I do like my opinions to be entitled! While the framing might be a bit tight you did well in completing a tough technical task.

Take what you have learned and apply it to future endeavors.

But


----------



## Dominantly (Mar 10, 2013)

Technically good, artistically lacking (composition).


----------



## scotiez (Mar 10, 2013)

I guess it serves me right for posting on a forum. I have never had luck on a forum cause most people are rude and can't keep there commits to them selves. If i was looking for COMPOSITION i would have shown it. MY GOAL was to get crisp stop action photos in a not so well lite arena. If iwanted your opinion i would have asked for it. Maybe i should start posting negative comments on eveones posts too. even if your photos are fantastic.


----------



## Mully (Mar 10, 2013)

Then spell out what you want in C&C.... You are lucky I posted a picture last week and no one commented or looked at it.... That is just the way it works... If you don't like this just don't post but it is not good to snibble.


----------



## Dominantly (Mar 10, 2013)

I don't do so well with sensitive...

Congrats, you stopped motion in dim light, but no one here knew that was your goal because you did not elude to it. Besides it's silly to try and have people put blinders on and ignore issues.

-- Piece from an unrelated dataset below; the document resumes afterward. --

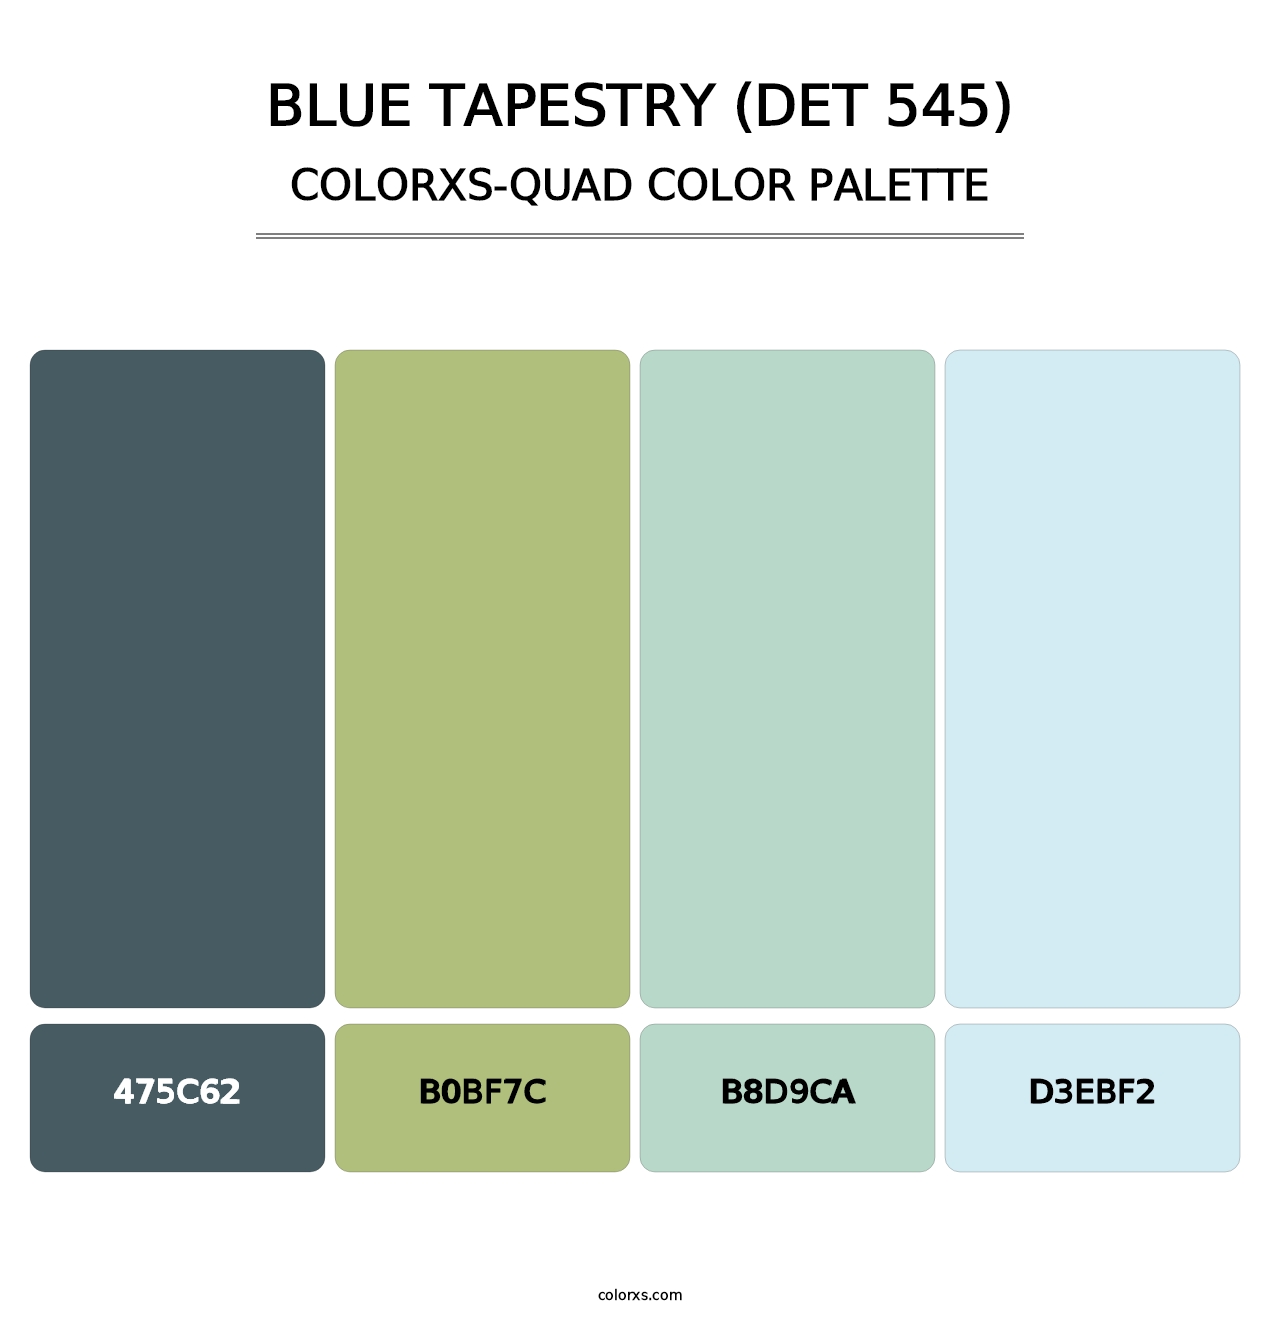 Blue Tapestry (DET 545) - Colorxs Quad Palette

If you are going to get your feelings hurt by accurate assessments of your posted work, then maybe you should reevaluate your decision to post online, it's not for everyone.


----------



## Tony S (Mar 10, 2013)

Next time if you don't want critiques, suggestions and comments post your photos in the "For Fun" forum.  Otherwise you get everyone's opinion on how they would have taken the shots.

BTW... where the heck are all the spectators?  That place looks empty.


----------



## snowbear (Mar 10, 2013)

scotiez said:


> I guess it serves me right for posting on a forum. I have never had luck on a forum cause most people are rude and can't keep there commits to them selves. If i was looking for COMPOSITION i would have shown it. MY GOAL was to get crisp stop action photos in a not so well lite arena. If iwanted your opinion i would have asked for it. Maybe i should start posting negative comments on eveones posts too. even if your photos are fantastic.


You posted in a galley where C&C is commonplace.  If you decide to post again and do not want any C&C, I encourage you to post in the "Just For Fun" area.  You did not state what your goals for the photos or the post until well after you started to get comments.  If you had said so up front, you may not have gotten as many "rude" and "negative" comments, as you call them.

If you decide to stick around, great; someone can learn a lot here of they really want to.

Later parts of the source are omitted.